North America has experienced a boom in the real estate market across many asset classes over the course of the pandemic. In the last two years, it has been challenged with but resilient to obstacles – like supply chain issues, inflation, and rising interest rates – and because of this, Trez Capital’s outlook on the market remains bullish. We have boots-on-the-ground in both Canada and across the United States, allowing us to understand where opportunities for developers, borrowers and investors lie in 2022.
The question of affordability in Canada and money flow in 2022
Breaking into the real estate market has presented challenges for many Canadians. Although this is the reality, mainly due to the chronic undersupply of homes, we believe several factors will fuel demand for housing in the near term and for several years to come. The housing market demonstrated the continuation of strong demand with rising prices, with provinces like British Columbia reporting that annual price appreciation exceeded 25 per cent in 2021, the highest on record according to the Canadian Real Estate Association (CREA). Royal LePage’s latest House Price Survey also reported that with demand outpacing supply across real estate markets, prices will continue to be pushed higher.
Along with the increase in prices, there has been an influx of cash in the Canadian economy due to increased short-term income and credit support programs from the government. Some have been able to save and reduce spending because of pandemic-related lockdowns and restriction measures. In Canada alone, household net worth increased by more than $600 billion CAD in the first six months of the pandemic. There are more opportunities for Canadians than ever before – as of last November, there were 880,000 job openings that exceeded pre-pandemic levels, and in the following month, unemployment fell to 5.9 per cent amid rising wages.

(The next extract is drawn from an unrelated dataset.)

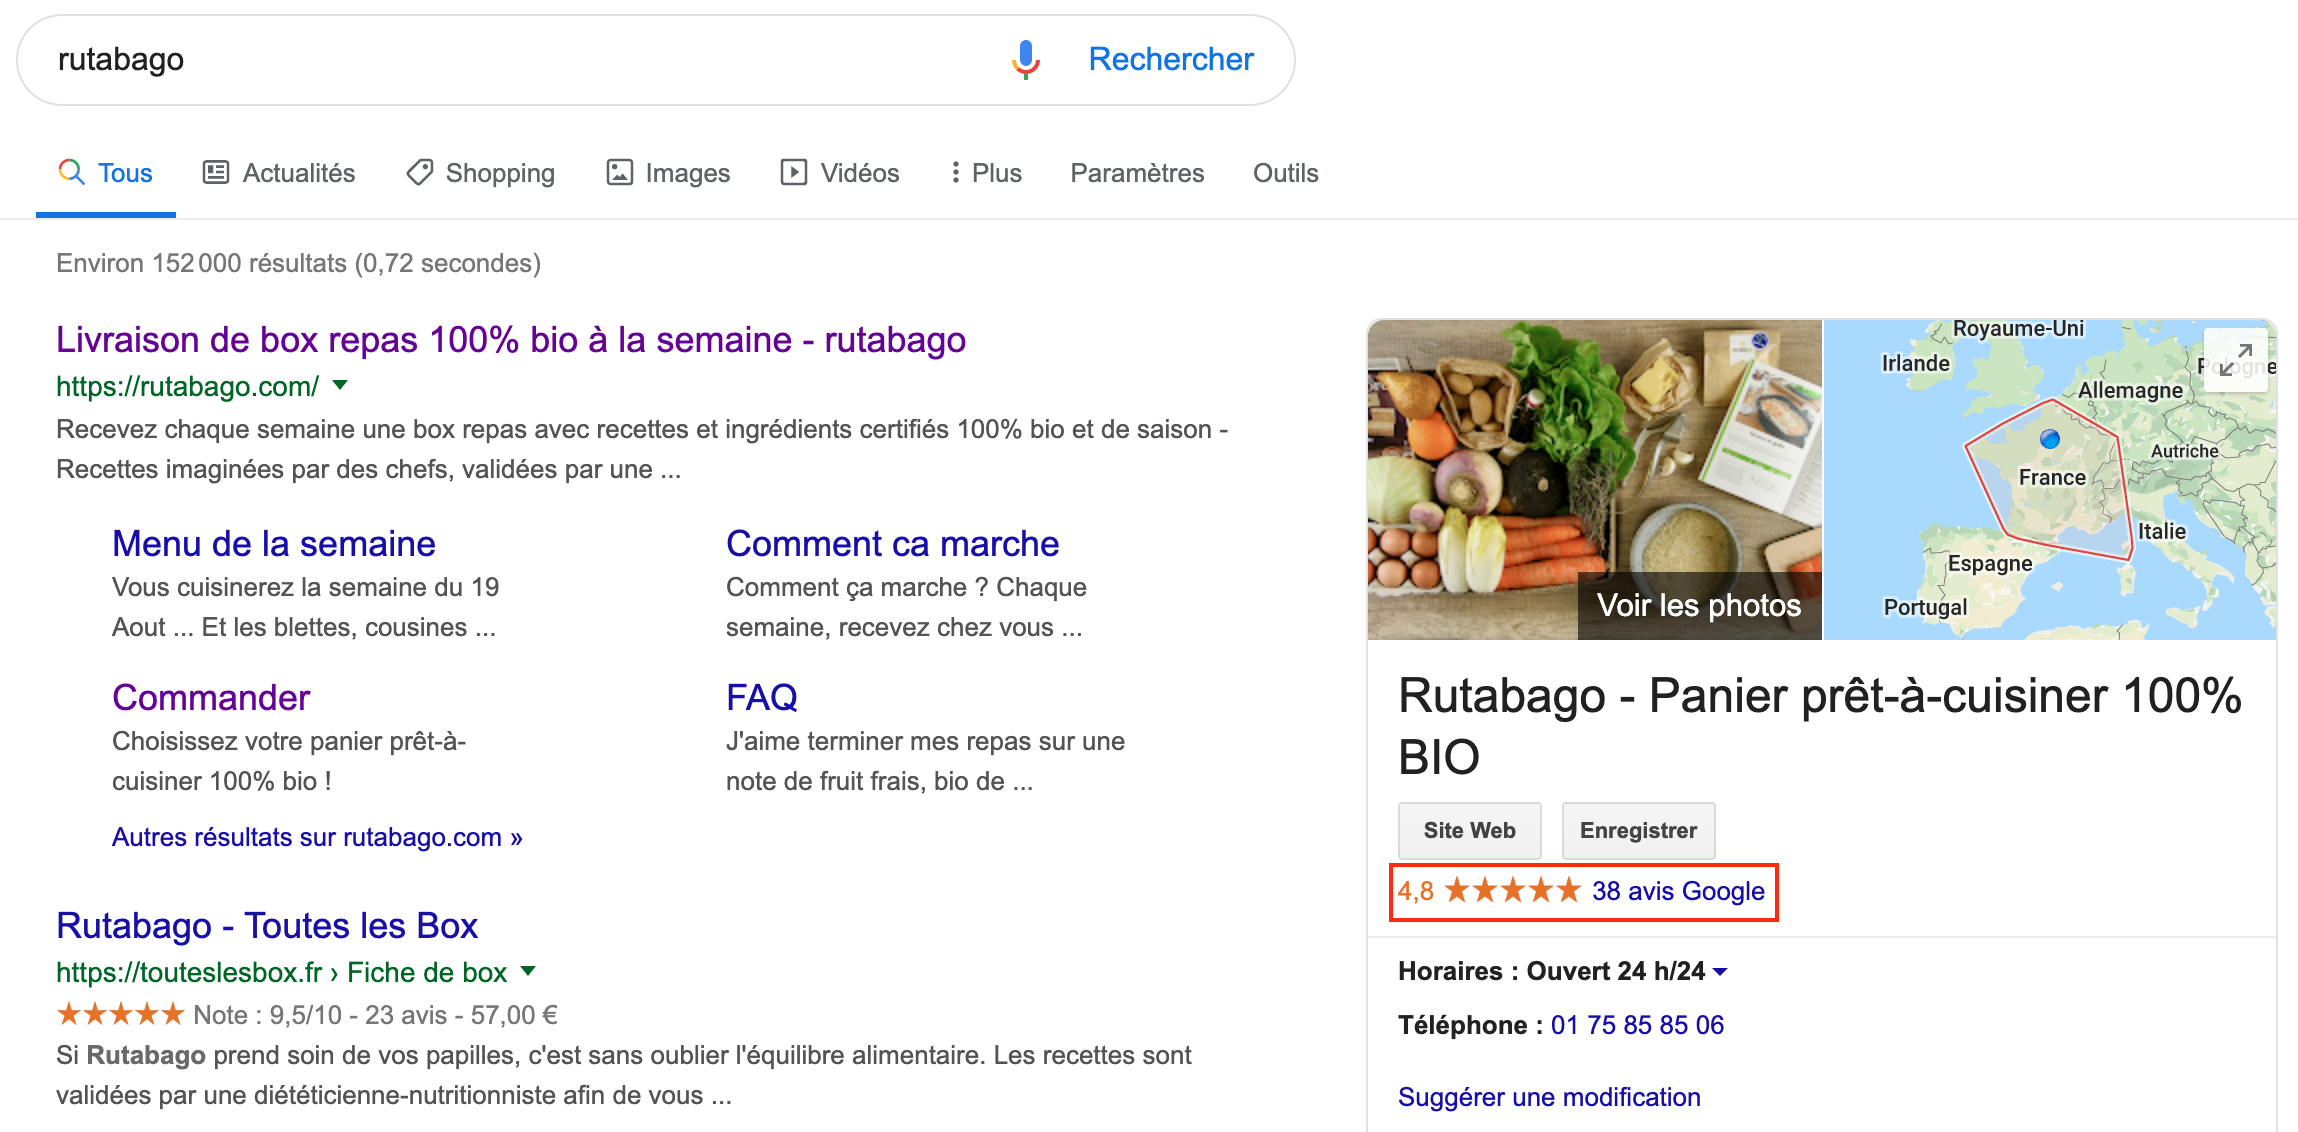 Avis clients Rutabago

On top of this, the generational wealth transfer is just beginning. According to RBC Wealth Management, it is expected that there will be over $150 billion CAD in inheritances by 2026 with older generations down-sizing and handing down wealth sooner rather than later to help their children break into the housing market.
Declining affordability has yet to quell demand, while the inventory of homes available for sale matched an all-time low.
The pace of the supply chain and labour markets in the U.S.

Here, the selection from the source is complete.